→ **WHAT YOU HAVE TO DO**: Could you output the whole listing exactly as it stands, minus any images?

→ **RECORDED INFORMATION**:
BEGIN
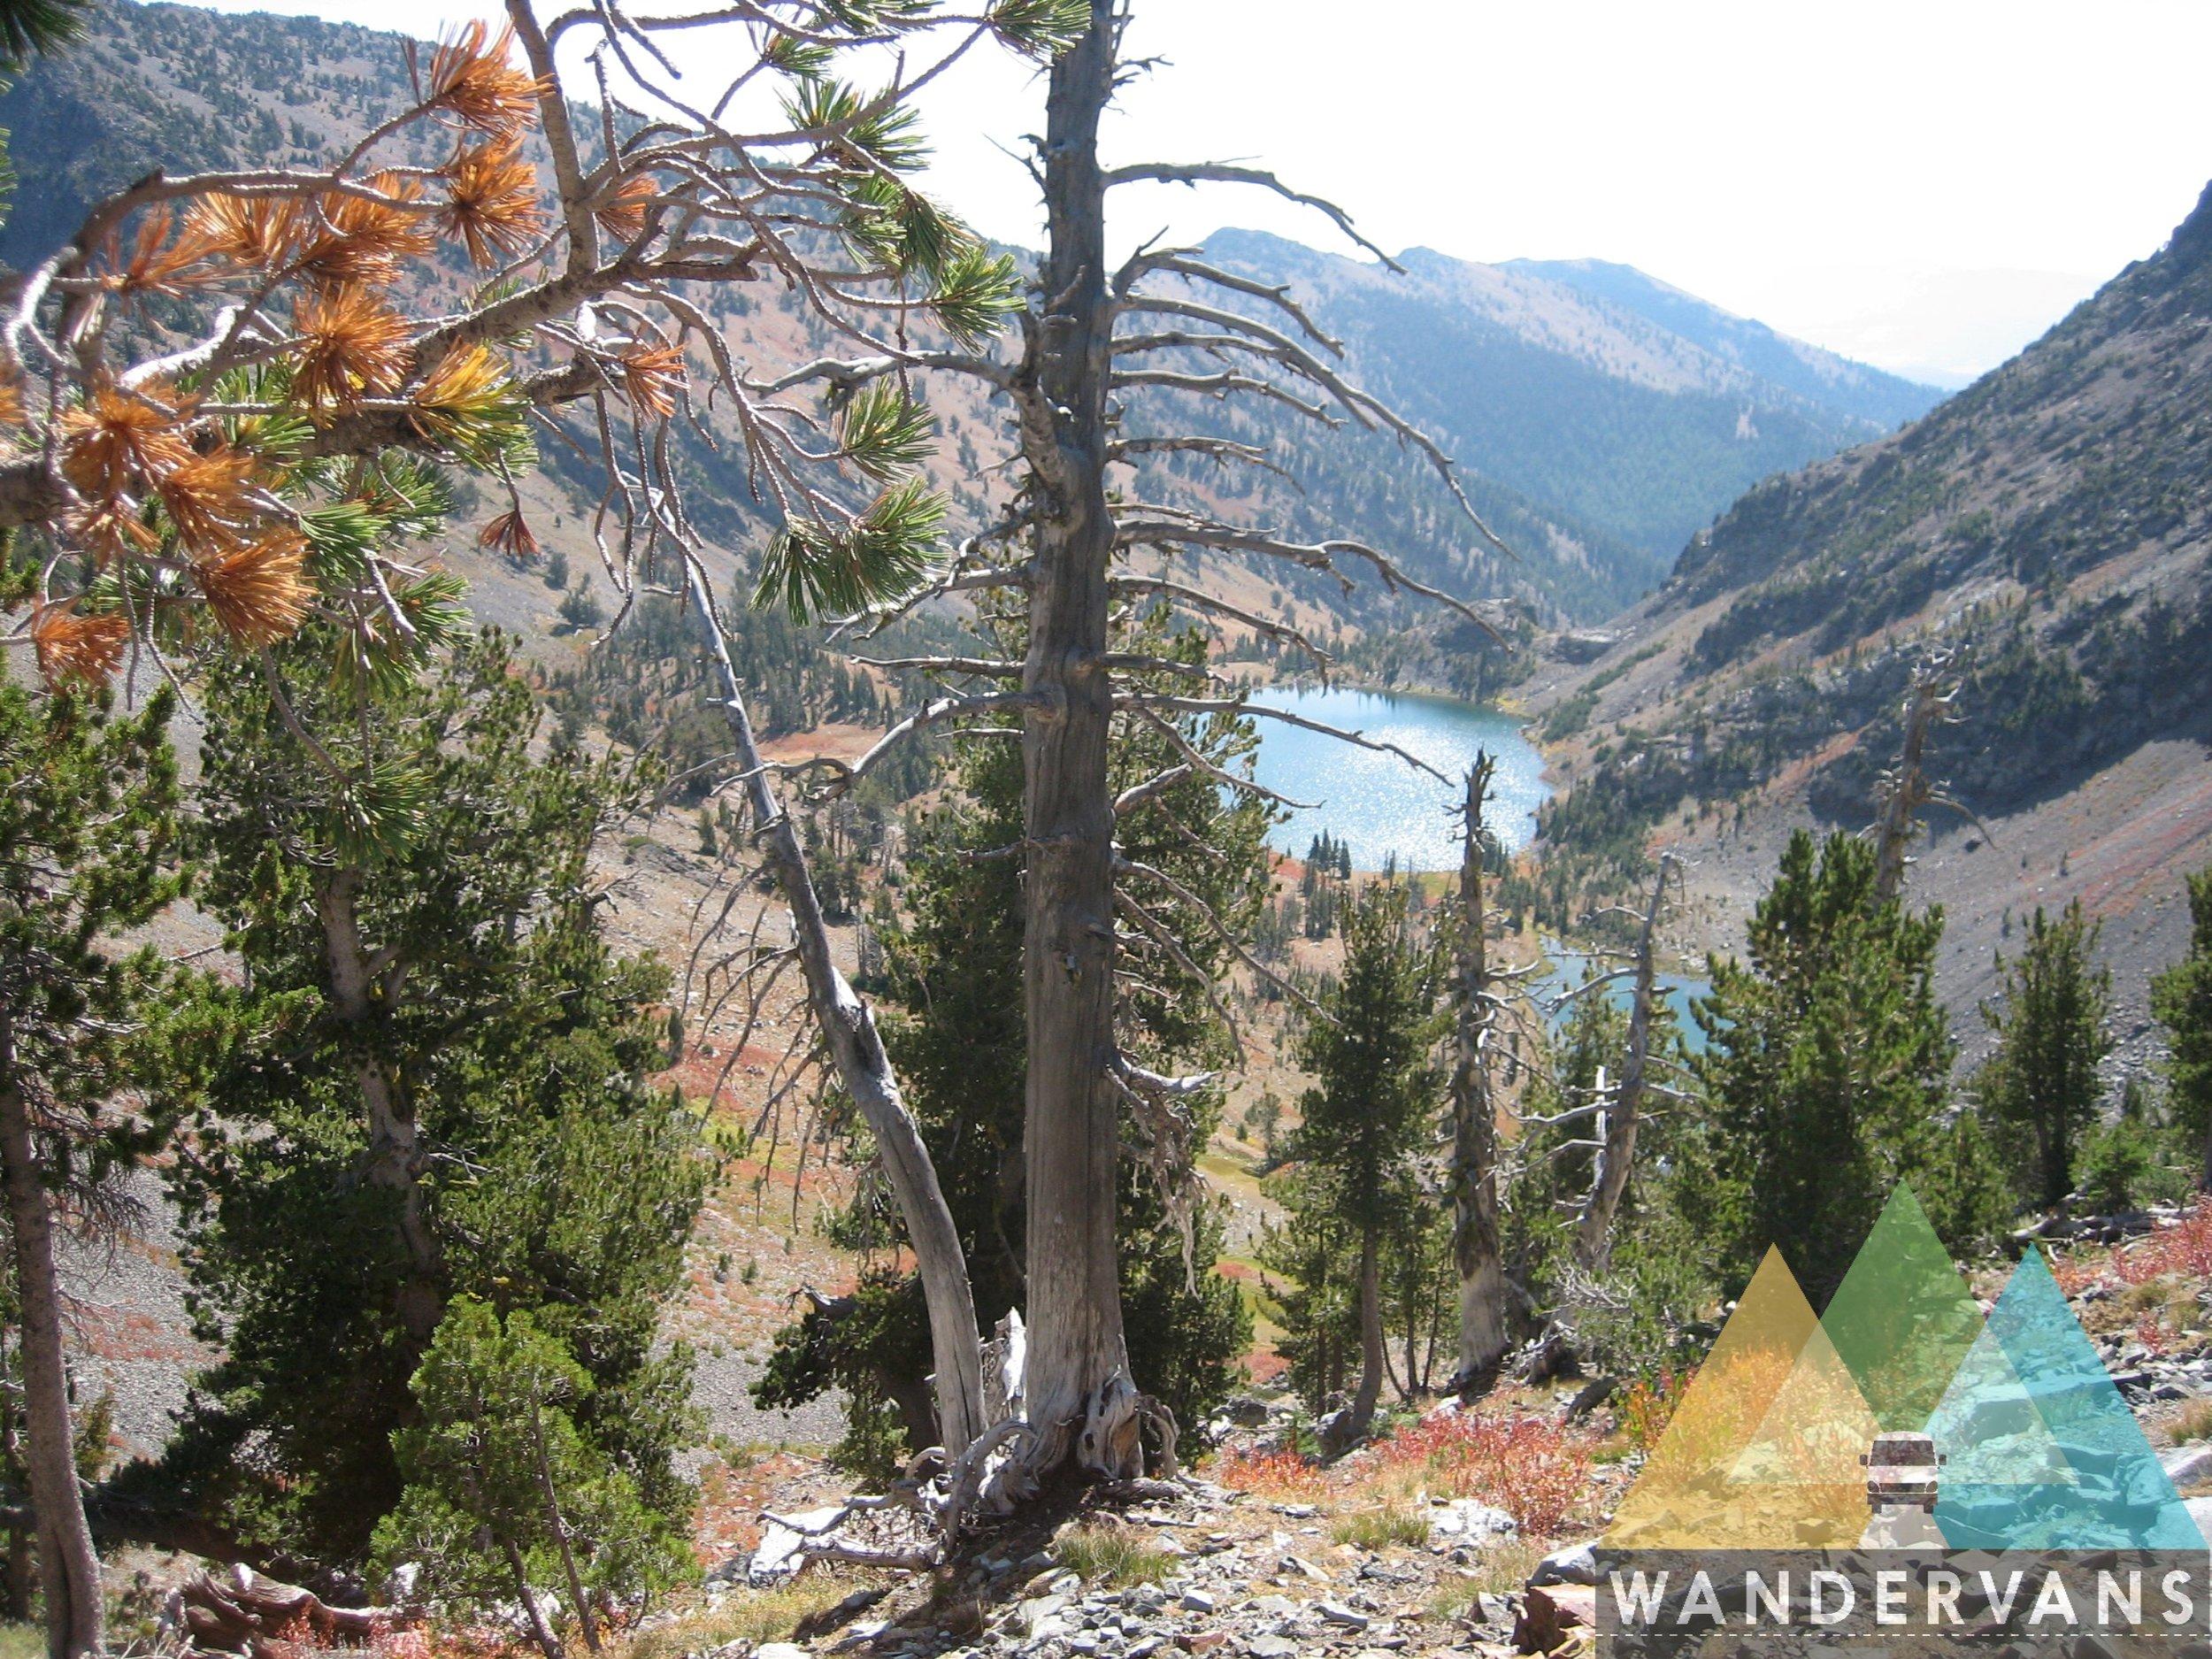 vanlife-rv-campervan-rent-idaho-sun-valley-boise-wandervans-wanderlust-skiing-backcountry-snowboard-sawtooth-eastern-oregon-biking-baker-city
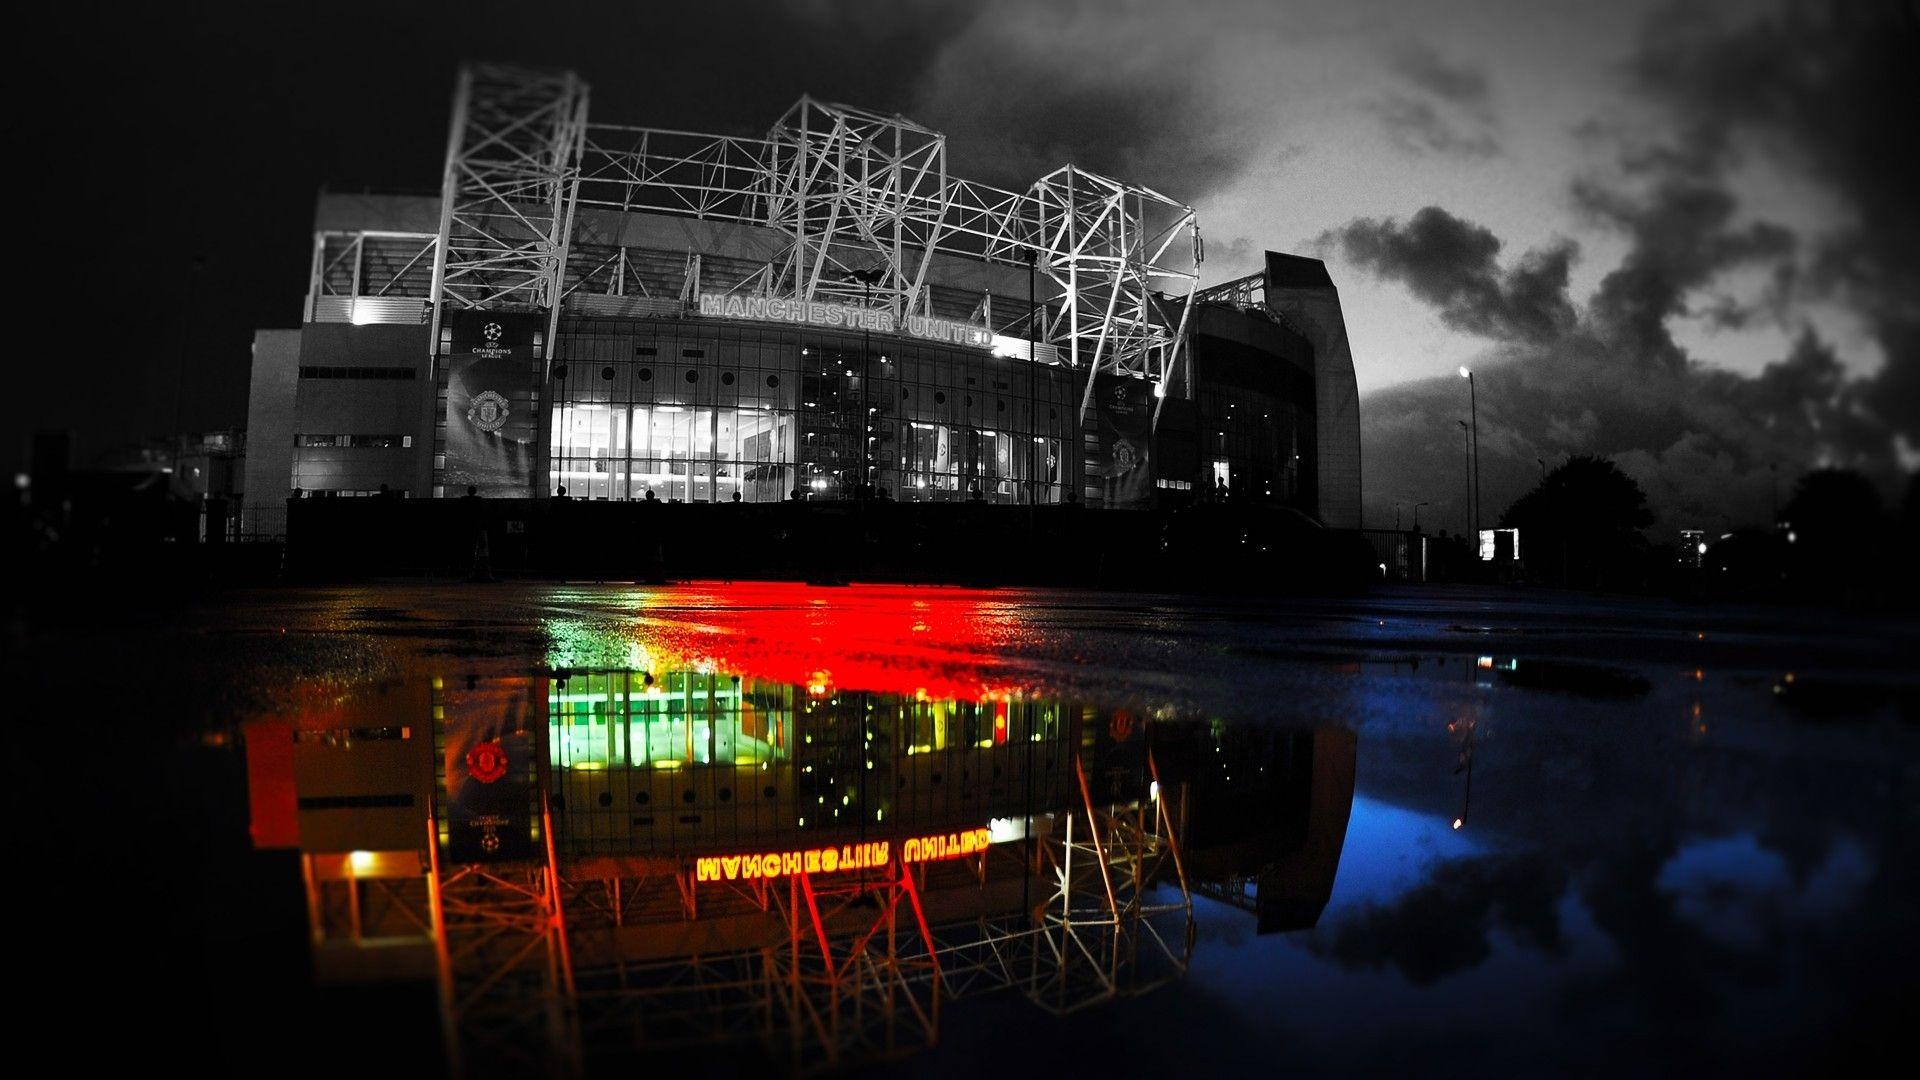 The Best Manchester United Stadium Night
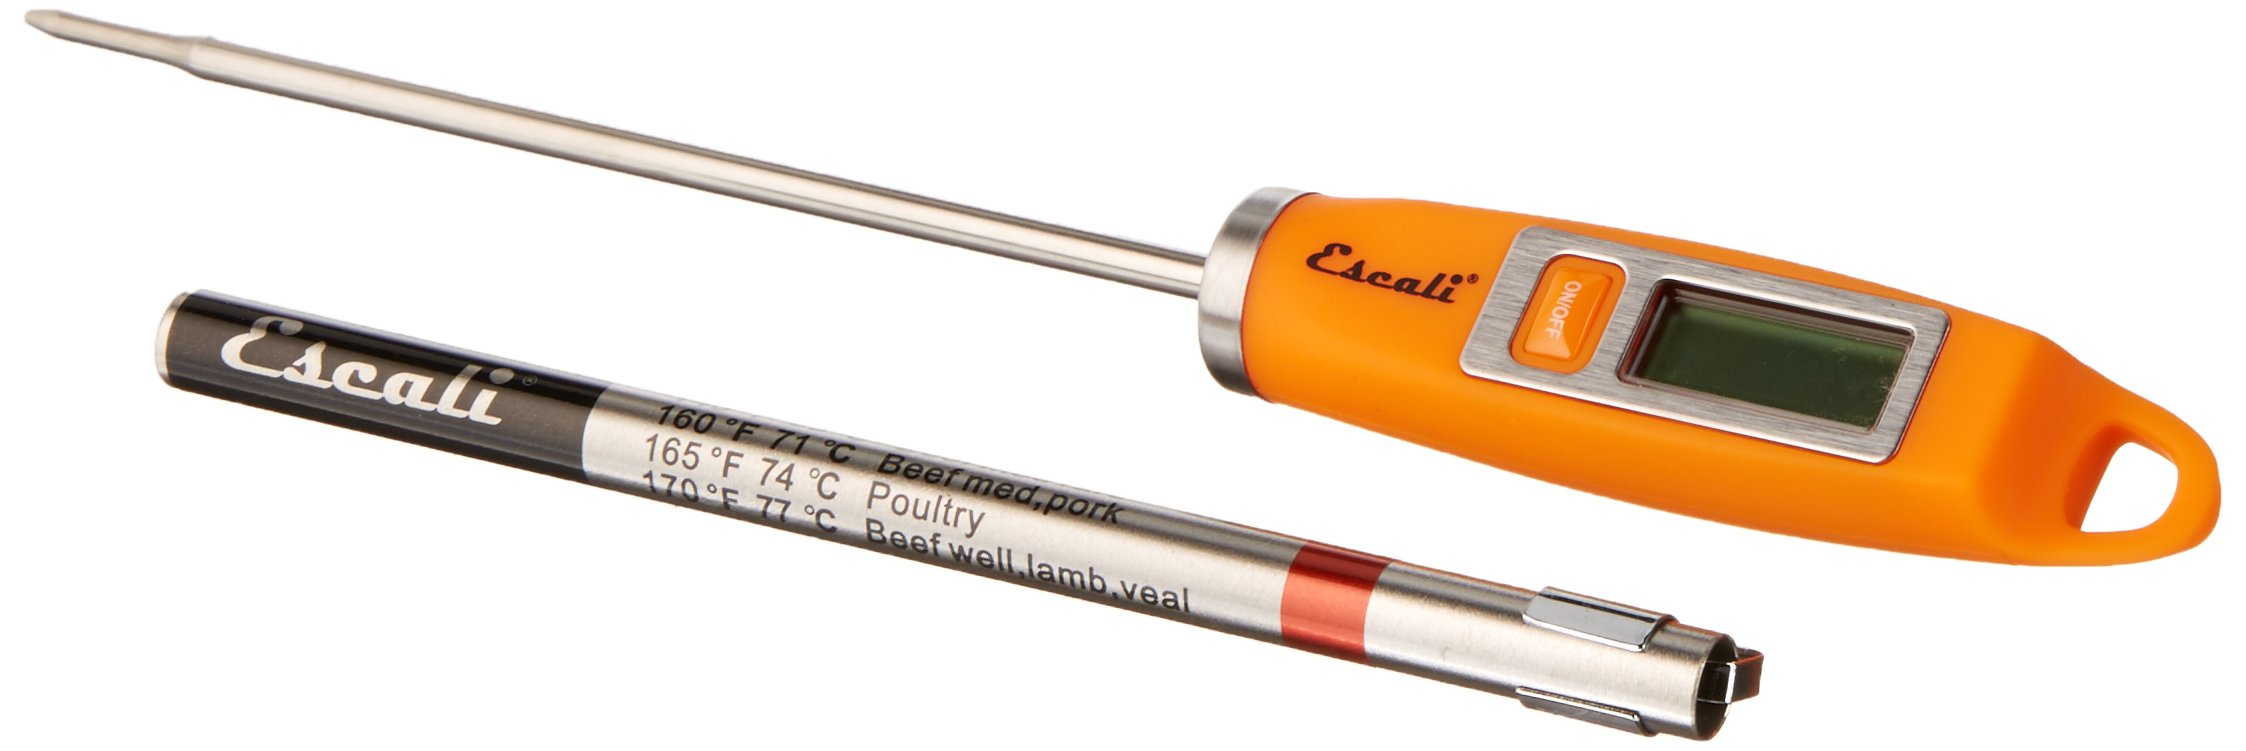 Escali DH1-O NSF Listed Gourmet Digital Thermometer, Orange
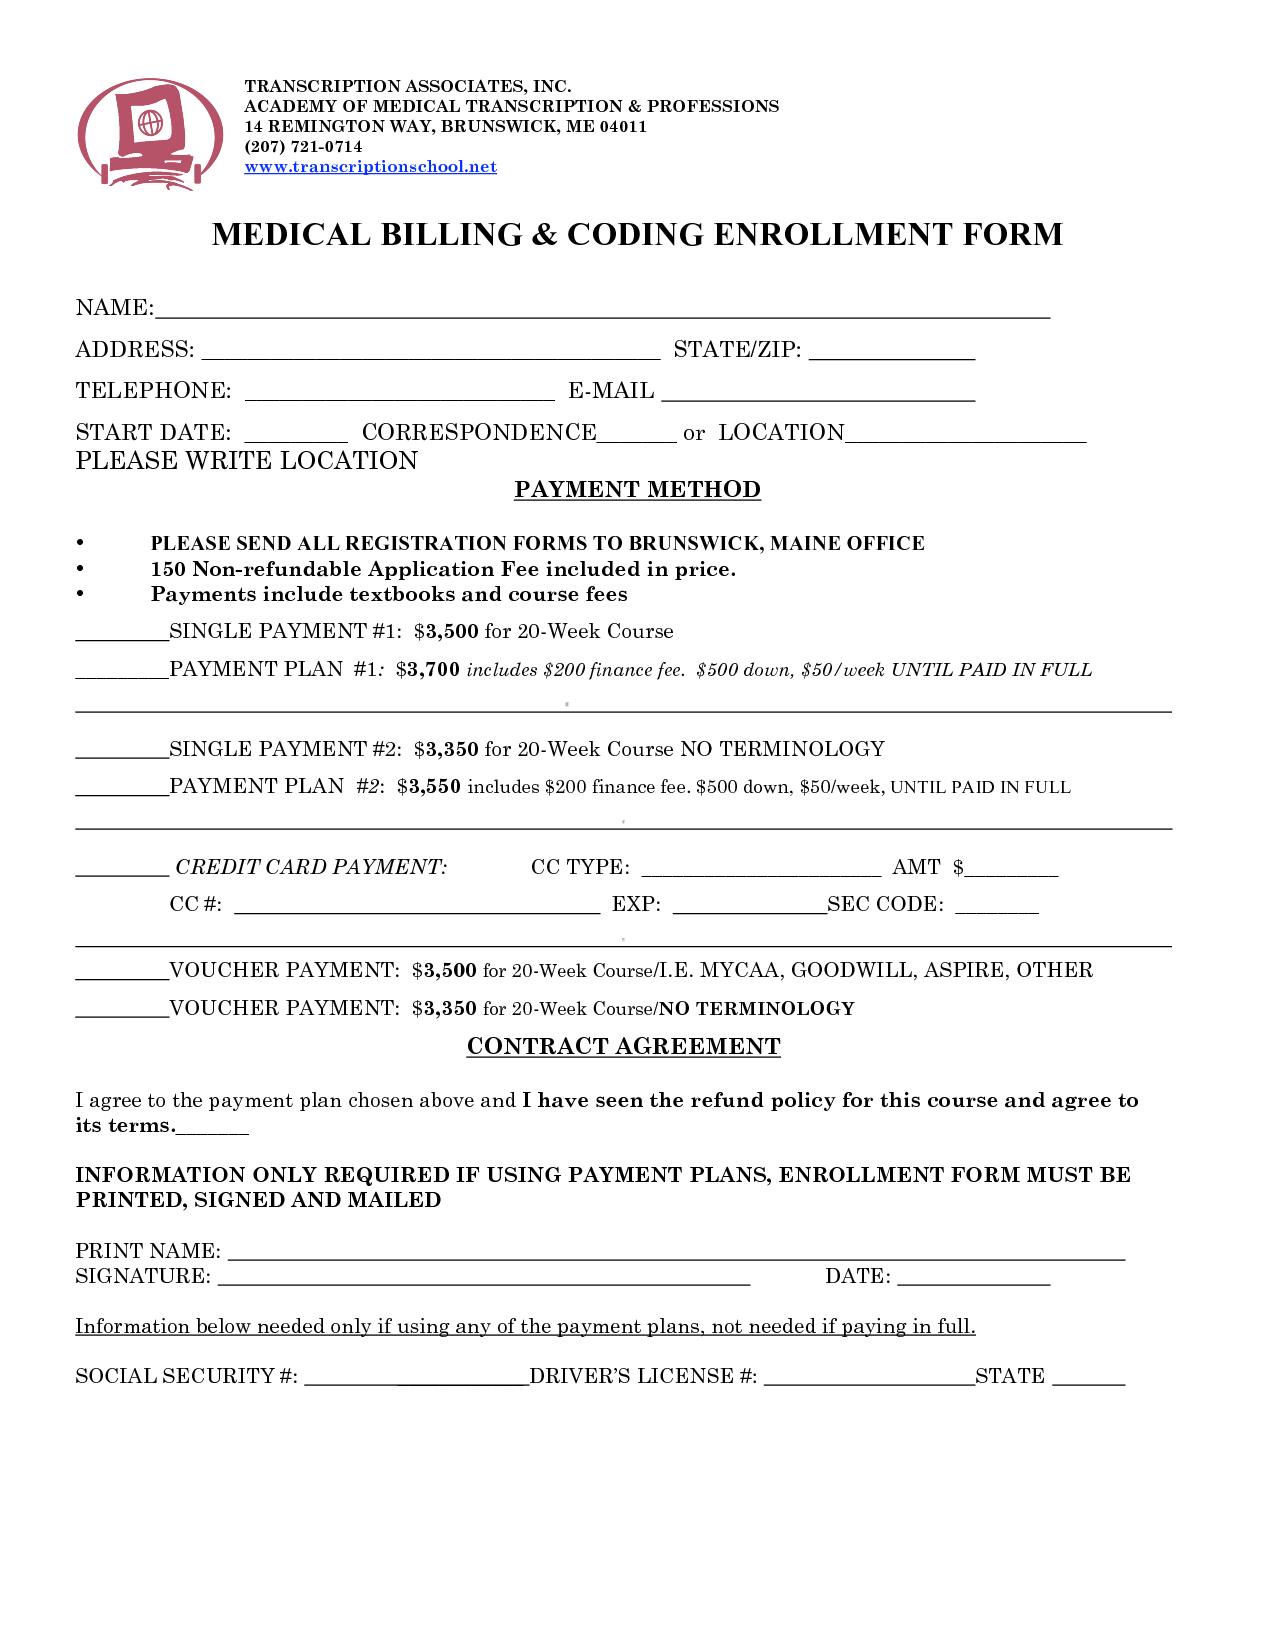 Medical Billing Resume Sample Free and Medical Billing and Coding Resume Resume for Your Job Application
END
→ **TASK RESPONSE**:
 vanlife-rv-campervan-rent-idaho-sun-valley-boise-wandervans-wanderlust-skiing-backcountry-snowboard-sawtooth-eastern-oregon-biking-baker-city
 The Best Manchester United Stadium Night
 Escali DH1-O NSF Listed Gourmet Digital Thermometer, Orange
 Medical Billing Resume Sample Free and Medical Billing and Coding Resume Resume for Your Job Application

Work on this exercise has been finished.